Now guys dont run after me telling that this information is irrelevant because u dont get either brands at ur place or all the cheap ones suck... because it might be helpful to someone in kolkata who has decided on getting cheap ones and here all these things are available...


----------



## manmay (Dec 18, 2005)

sry guys jus recently got dvd writer 
so no idea abt the sony and moserbaer dvd.
though i bought some writex dvd for 16 bucks in surat....16 bucks for a pack of 25 
15 for 50
14 for 100
nice rates na....
tell me what rates do guys get the dvds sony and moser...and others...
cant say abt the quality.... have already ritten atbt 10 dvds with movies and friends....till now no probs ....
lets see after a few months....(fingers crossed.)


----------



## dIgItaL_BrAt (Dec 18, 2005)

manmay said:
			
		

> 16 bucks for a pack of 25
> 15 for 50
> 14 for 100
> nice rates na....



The guy selling those DVDs sure has his economic fundamentals all screwed up!


----------



## mohit (Dec 18, 2005)

dIgItaL_BrAt said:
			
		

> manmay said:
> 
> 
> 
> ...



i think he means 16 bucks each for a dvd when u buy a pack of 25. that makes it 16*25 = 400/- .. I dont think he can sell 25 dvd's for 16 bucks unless he his crazy.

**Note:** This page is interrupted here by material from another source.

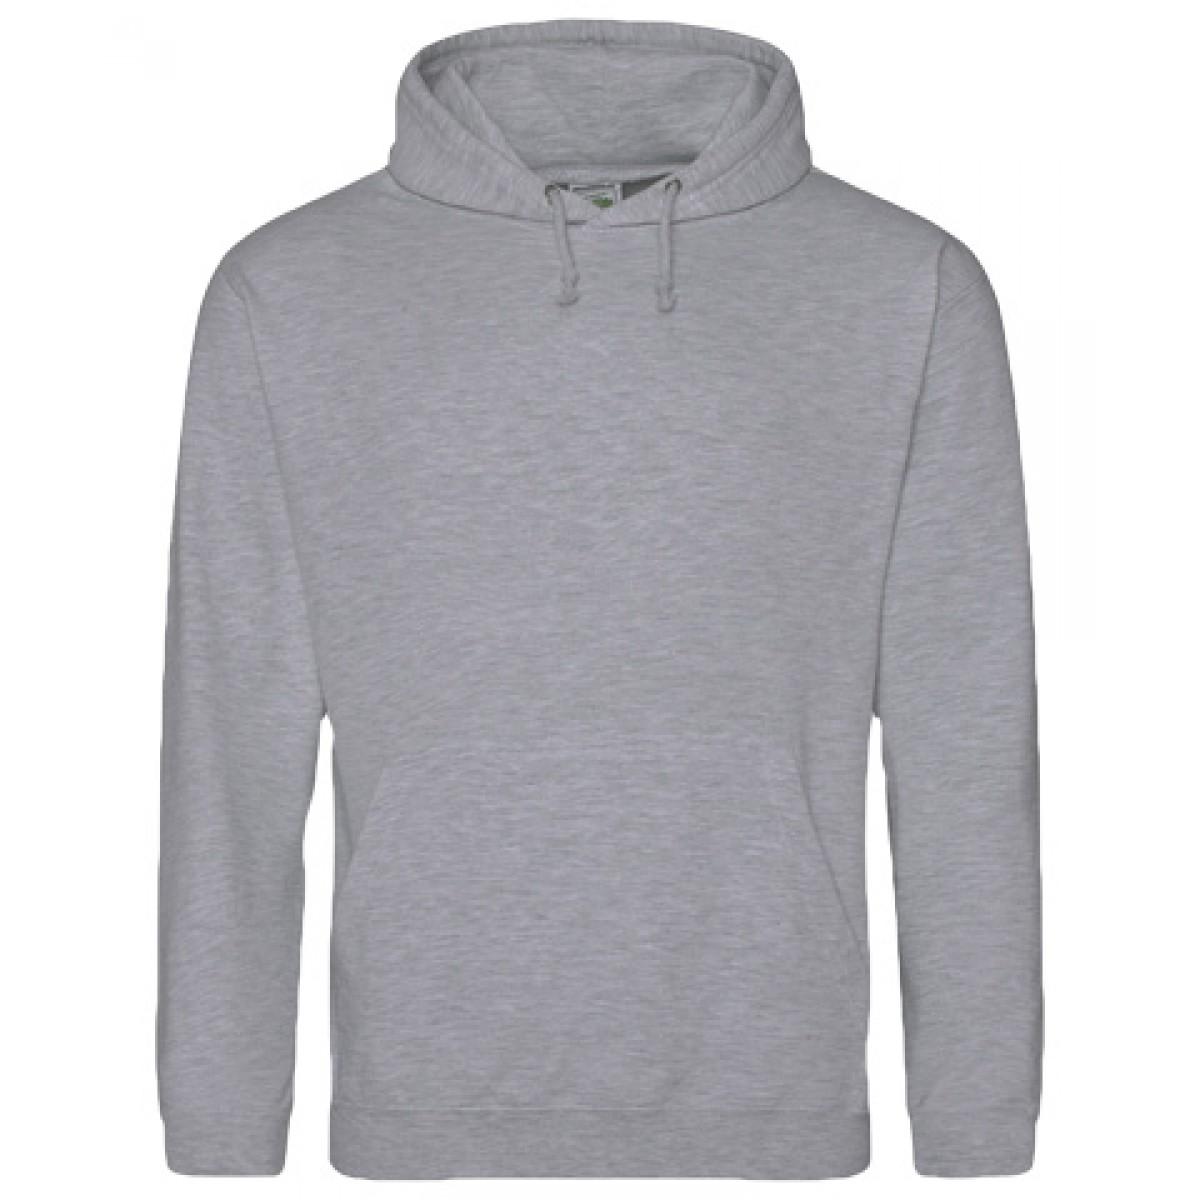 Hooded Sweatshirt 50/50 Heavy Blend-Gray-YM

And if u buy 50 dvds then the rate is 15/- each and for 100 it is 14/- each. Manmay forgot the word "each" i guess.


----------



## manmay (Dec 18, 2005)

ofcourse yaar how can u expect to get 25 dvds in 16 bucks...
any way i'm sry if i created a confusion.

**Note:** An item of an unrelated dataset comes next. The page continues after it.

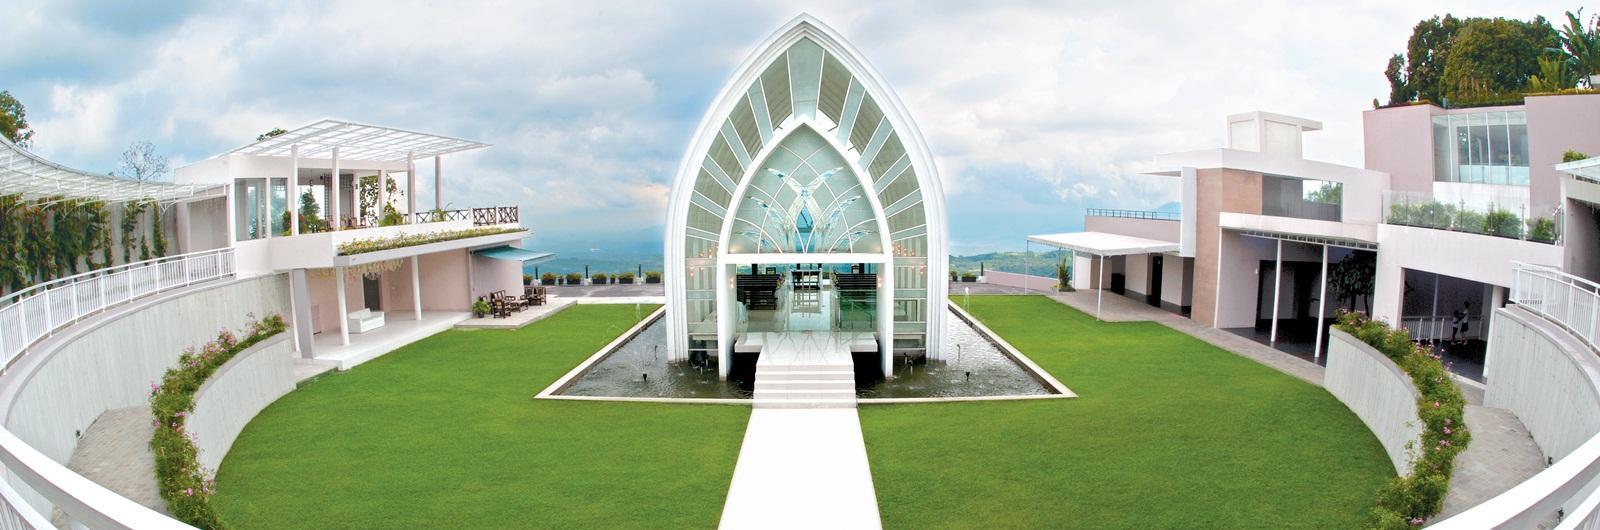 Susan Spa & Resort (La Kana) Semarang

what i really meant was when buying a pack of 25 the cost per dvd is 16 rs.


----------



## dIgItaL_BrAt (Dec 18, 2005)

i know it can't be true,was just havin some fun!.If it was true,i'd be on a flight to Surat right now!


----------



## manmay (Dec 18, 2005)

lol.....sry no flight to surat...lol


----------



## yash (Dec 19, 2005)

another word of caution people..dont buy princo brand of cds...the maximum write speed u can get is 2x and they start developing scratches pretty soon and become unreadable...


----------



## yash (Dec 19, 2005)

another word of caution people..dont buy princo brand of cds...the maximum write speed u can get is 2x and they start developing scratches pretty soon and become unreadable...


----------



## sabman (Dec 19, 2005)

Moser Baer sure seems to rock!

But i want to know a bit more about Sony. I get Moser Baer for 30 bucks per dvd in Mumbai, can anyone tell me the rates for Sony. I dont have to doubt the quality of a Sony


----------



## abracadabra (Dec 20, 2005)

*Re: mann u forgot*



			
				abracadabra said:
			
		

> mann how could u forget verbatim; u could say world no:1




HOW THE HELL U 4GET verbatim


----------